На библиотеках страны сказывалась партийная забота об идейности, и Вакера заняло, что Есенин, которого пролетарская критика оярлычила как «реакционного религиозника», присутствует на книжной полке. Только что на улице Юрий видел театральную афишу, свежеукрасившую тумбу. Объявлялось: по драматической поэме Сергея Есенина «Пугачёв» поставлен спектакль. Режиссёр — Марк Кацнельсон.
Заметим, что первая попытка поставить «Пугачёва» относится к 1921 году, в котором поэма увидела свет. Мейерхольд задумывал сценически воплотить произведение в своём Театре РСФСР I — но всё так и окончилось проектом.
Наутро, в воскресенье, Житоров позвонил в гостиницу и пригласил приятеля к себе домой. Жил в десяти минутах ходьбы. Встретил он Юрия, облачённый в белые вязаные подштанники и в футболку. Ткань обтягивала развитые округлые мышцы ног, скульптурный торс. Марат выглядел выспавшимся.
— И у такого занятого начальства выдаются выходные! — располагающе улыбнулся гость. — Я свидетель редчайших минут.
— Ничего смешного — в самом деле, замотан. И сегодня свободен только до восьми вечера, — слова эти были произнесены со снисходительным дружелюбием.
Житоров занимал трёхкомнатную квартиру в доме, где обитали исключительно ответственные лица. Жена — спортсменка, инструктор ОСОВИАХИМа по управлению планёром, — не пожелав бросить работу, осталась в Москве. Супруги решили «пожить двумя домами» — учитывая, что Марат назначен в Оренбург не навечно.
Вакер прошёл за другом в гостиную. Полы, недавно вымытые приходящей домработницей, поблескивали бурой, со свинцовым отливом краской, что не шла к весёленьким золотистым обоям. Не под стать им был и тёмно-коричневый — по виду неподъёмно-тяжёлый — диван, обитый толстой кожей. Кроме него, в комнате стояли два кресла в чехлах, голый полированный стол, пара стульев, сосновый буфет (точно такой, как в номере Вакера) и тумбочка с патефоном на ней.

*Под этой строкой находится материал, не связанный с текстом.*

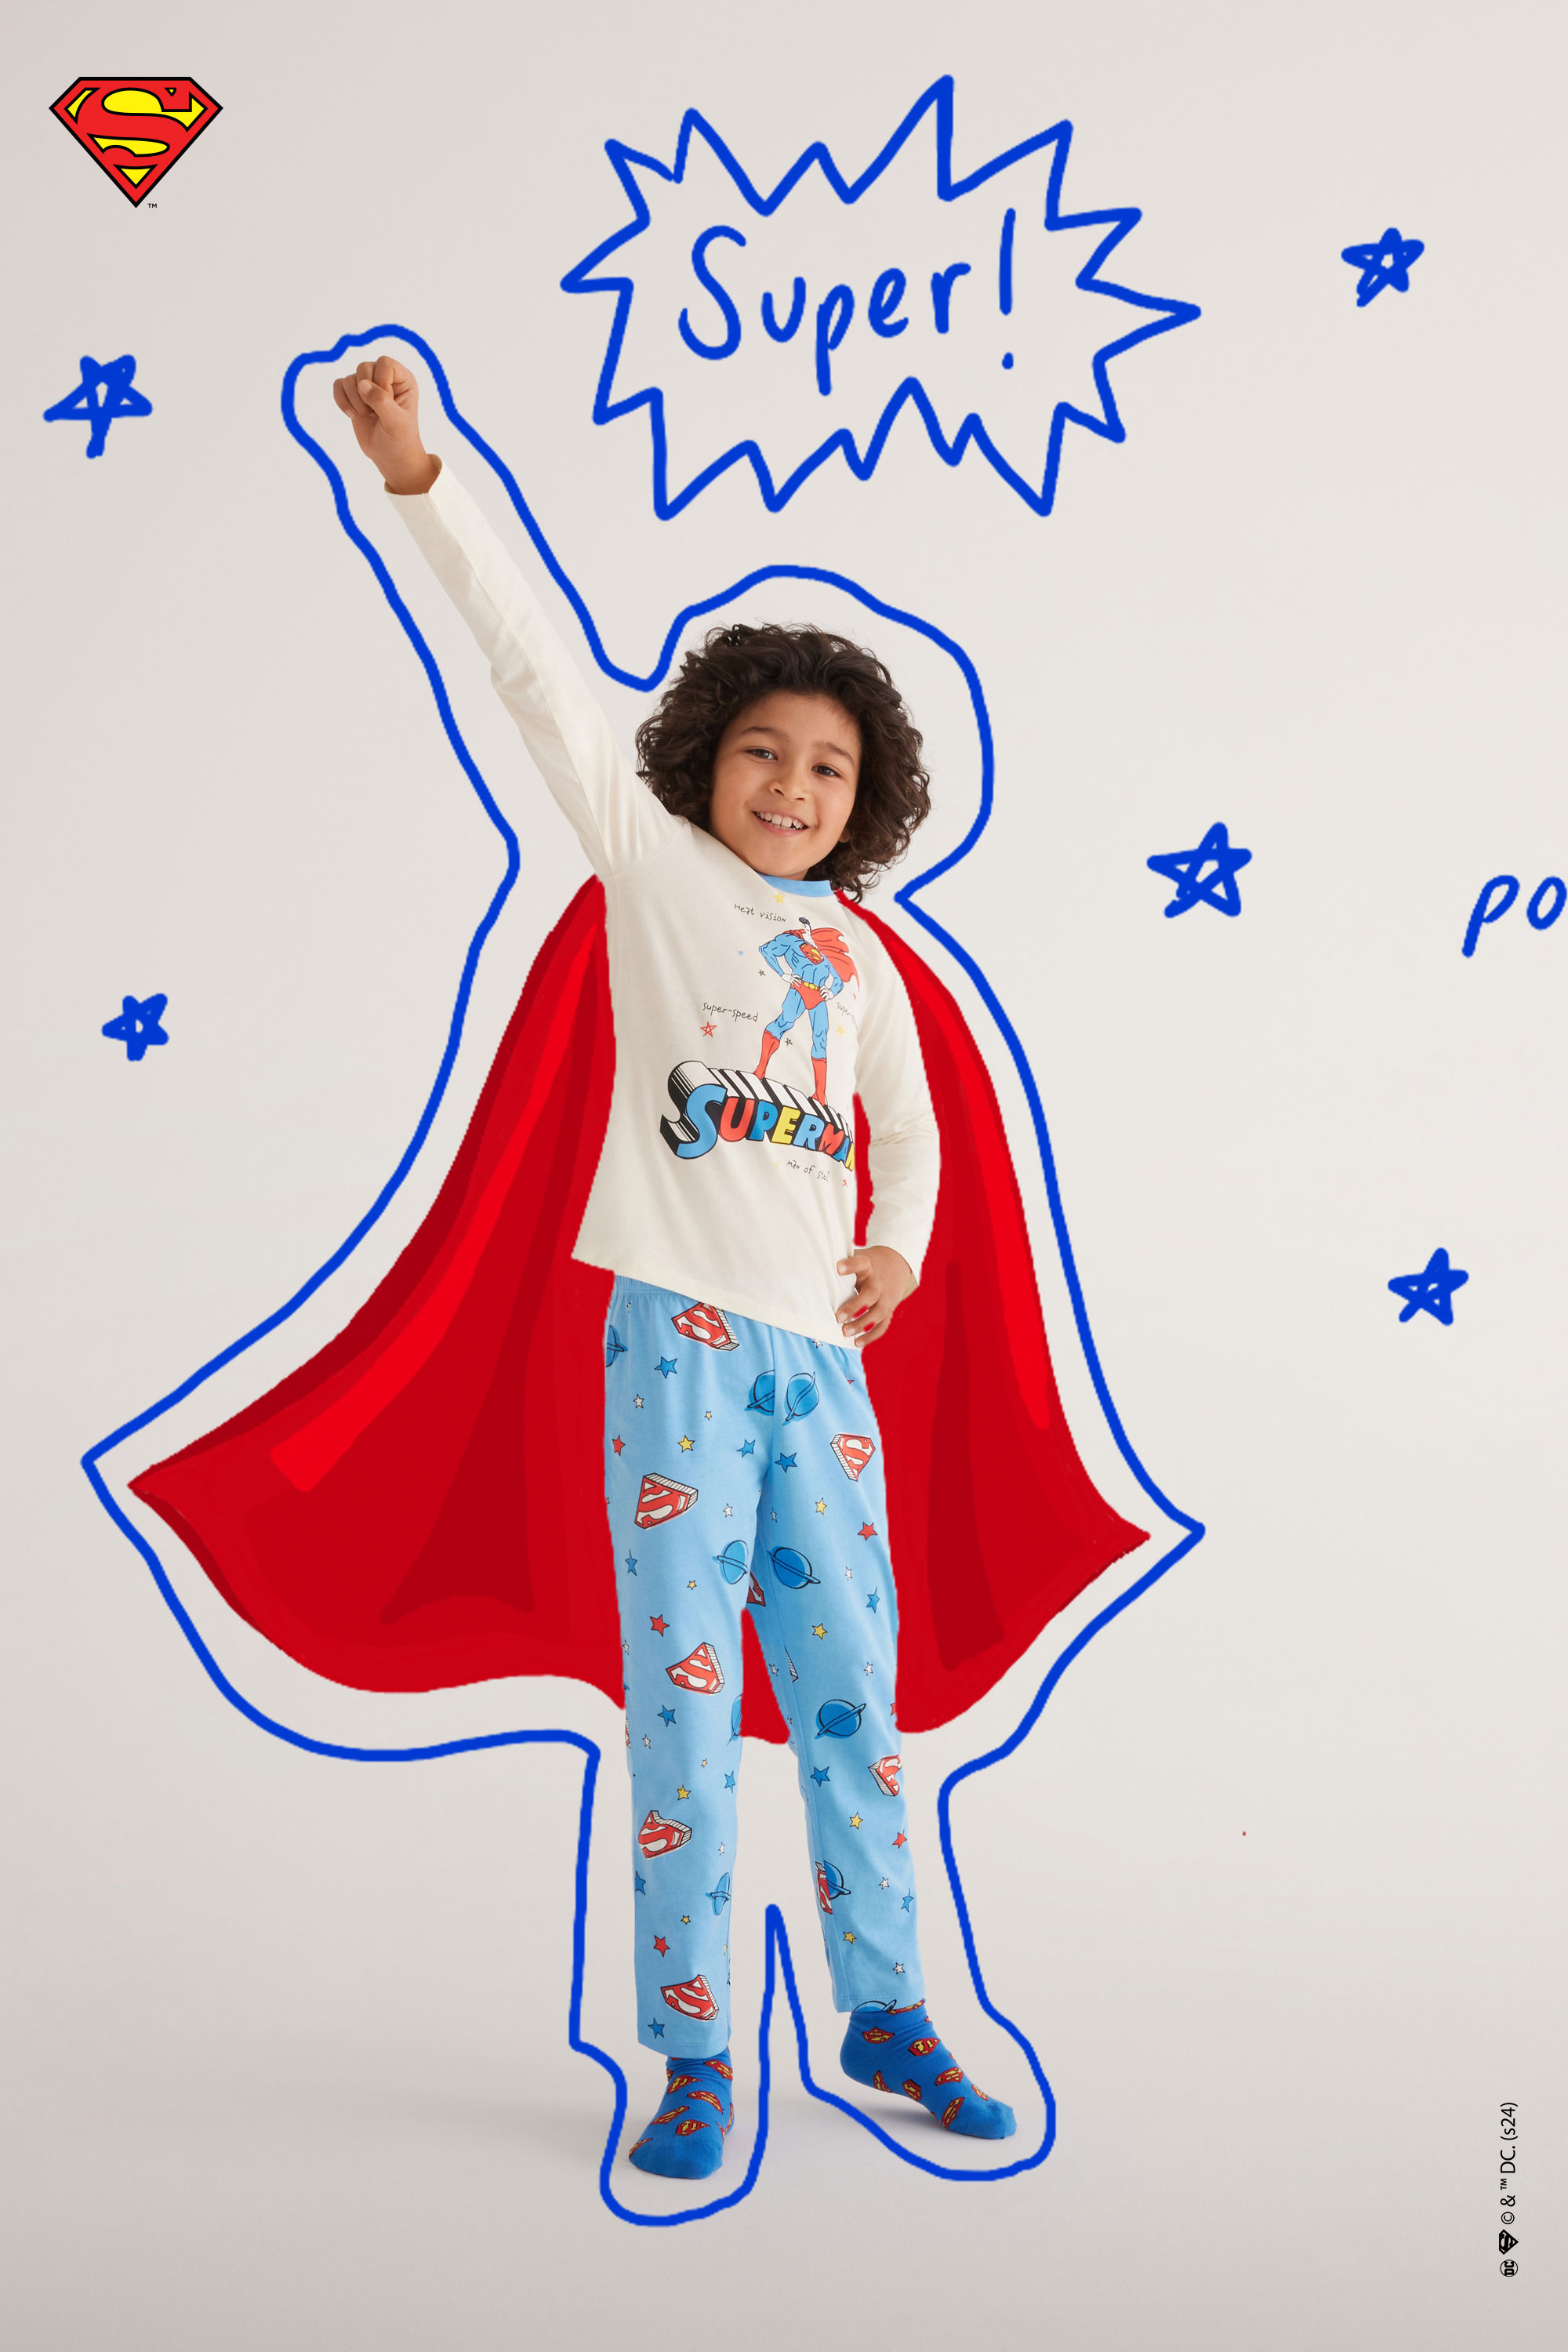 Dlouhé Chlapecké Bavlněné Pyžamo s Potiskem Supermana

— Ну-у, мы на финише? Можно поздравить? — шаловливо и в то же время торжественно обратился гость к хозяину.
По недовольному выражению догадался: поздравлять-то и не с чем. Тем не менее Житоров произнёс с апломбом:
— В любую минуту мне могут позвонить, что признание есть! — встав перед усевшимся в кресло приятелем, брюзгливо добавил: — Сегодня пить не будем. Хватит! И-и… не знаю, чем тебя угощать…
— Угостишь чем-нибудь! — неунывающе хохотнул Юрий.

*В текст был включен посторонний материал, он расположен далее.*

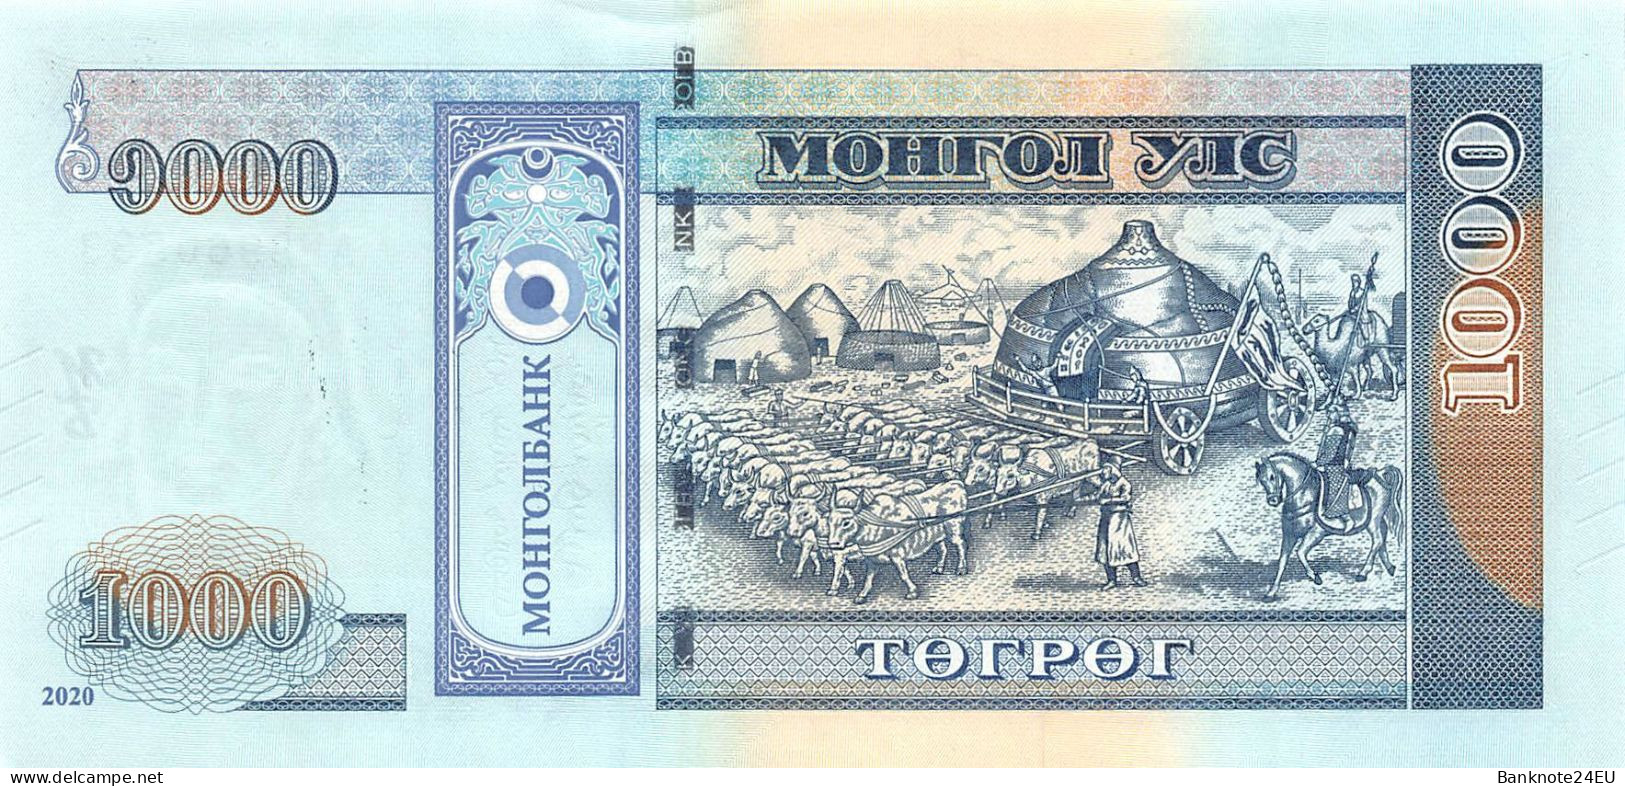 Mongolia 1000 Togrog 2020 Unc Pn 75a - Mongolia

Хозяин, будто никакого гостя и нет, прилёг на диван, отстранённо развернул областную газету. Друг внутренне вознегодовал: «Смотри, как козырно держится, скотина!» Стало понятно — его пригласили из самодовольного, показного гостеприимства: «А то скажешь — ни разу в дом не позвал».
Он, однако, не пролил вскипевшей обиды, а, закинув ногу на ногу, задал тривиальный вопрос:
— Что интересного пишут мои местные коллеги?

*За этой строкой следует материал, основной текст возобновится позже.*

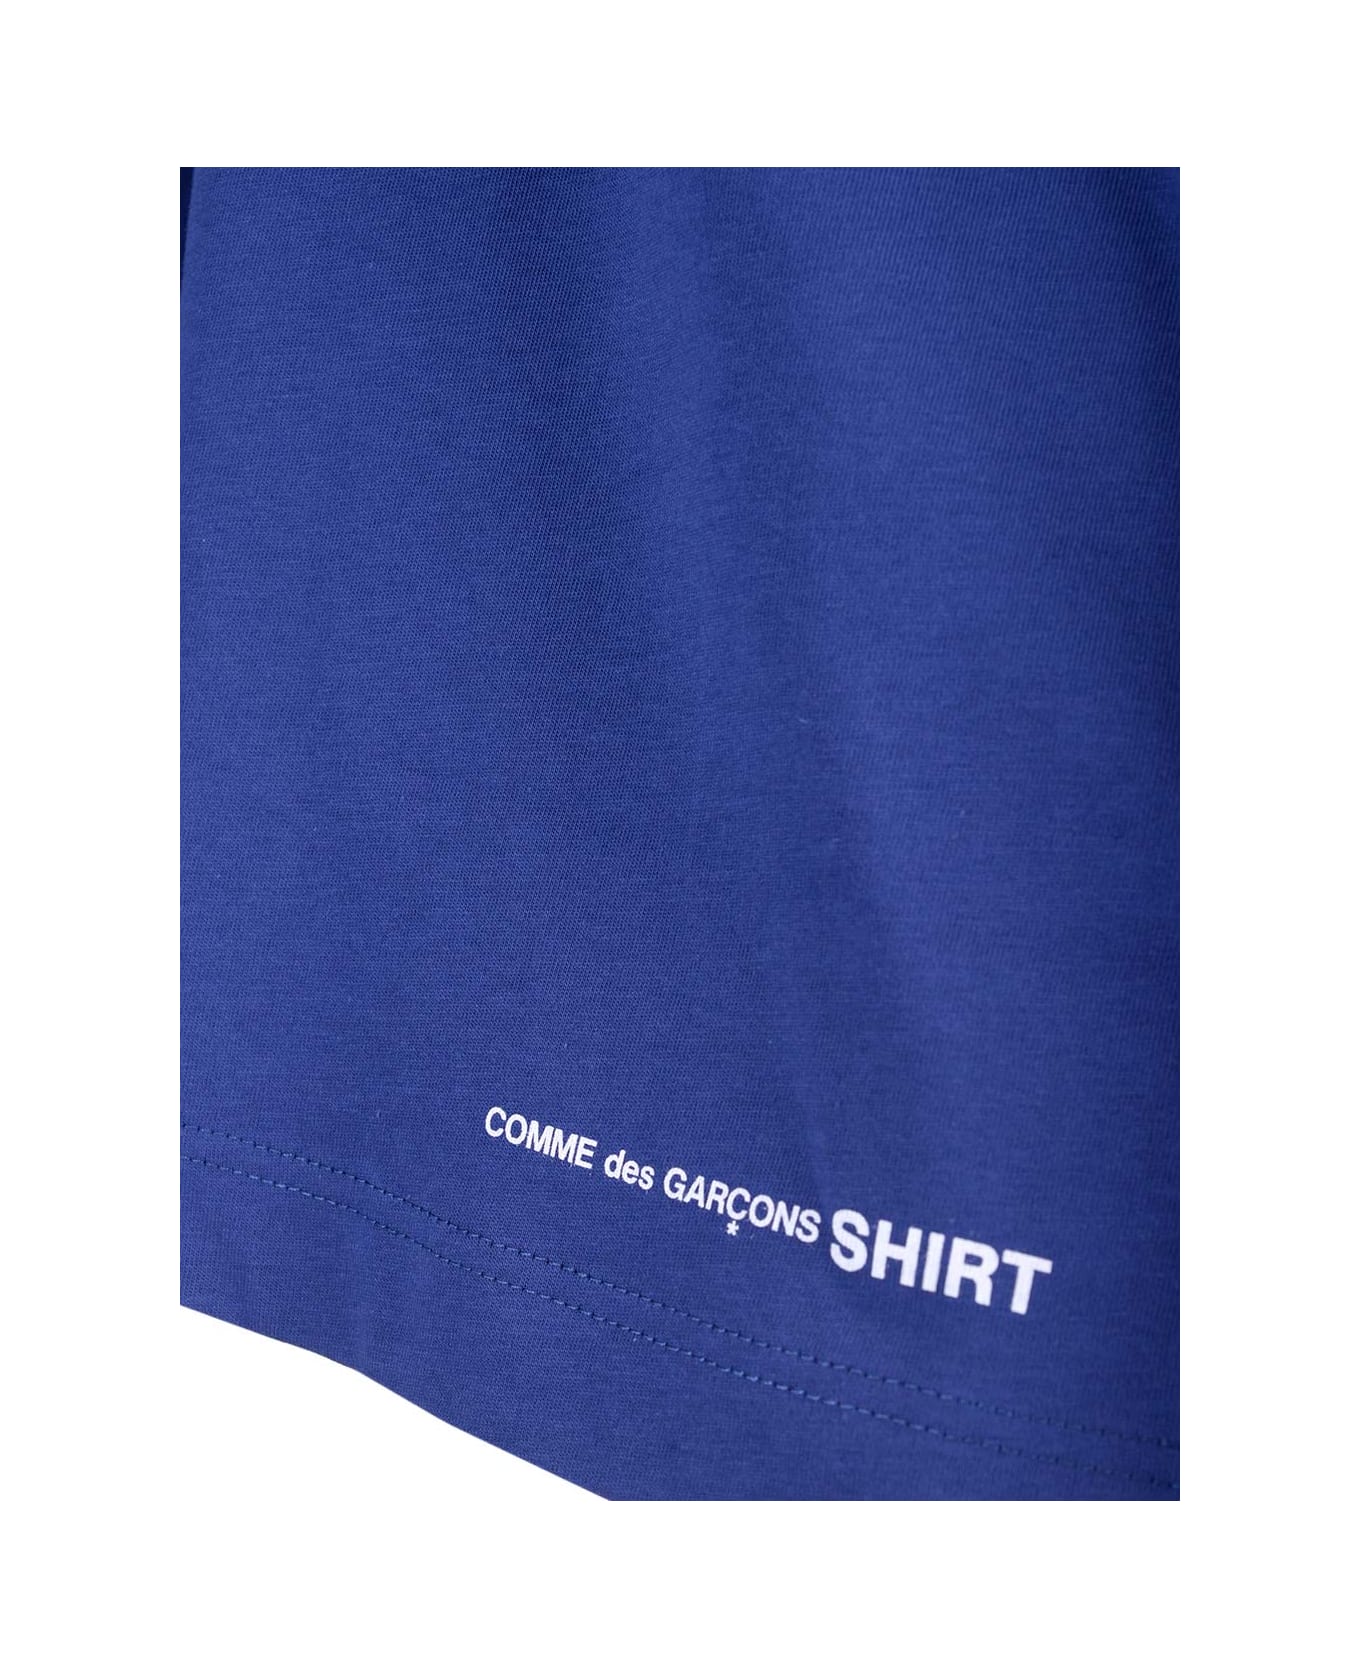 Comme des Garçons Shirt Electric Blue Over T-shirt - Navy

— Да вот гляжу… производственные успехи, как обычно, растут… Ага, отмечается успех другого рода: самогоноварение из зерна изжито. Но из свёклы, картошки — продолжается… — пробегая взглядом столбцы, Марат подпустил саркастическую нотку: — Критика в адрес милиции, прокуратуры… куда смотрят органы на местах?
Он уронил газету на пол:
— Вот что я скажу. Какие ни будь у нас достижения, но и через сто лет самогонку будут гнать!
— Интересное убеждение чекиста! — поддел Юрий и, забирая инициативу, «поднял уровень» разговора: — Я вчера перечитывал Есенина — он бы с тобой согласился. Но я не о самогонке, хотя он в ней знал толк. Его поэма «Пугачёв» — вещь, примечательная прозрачными строками… Между прочим, место действия — здешний край. Ты её давно читал? Помнишь начало — калмыки бегут из страны от террора власти?..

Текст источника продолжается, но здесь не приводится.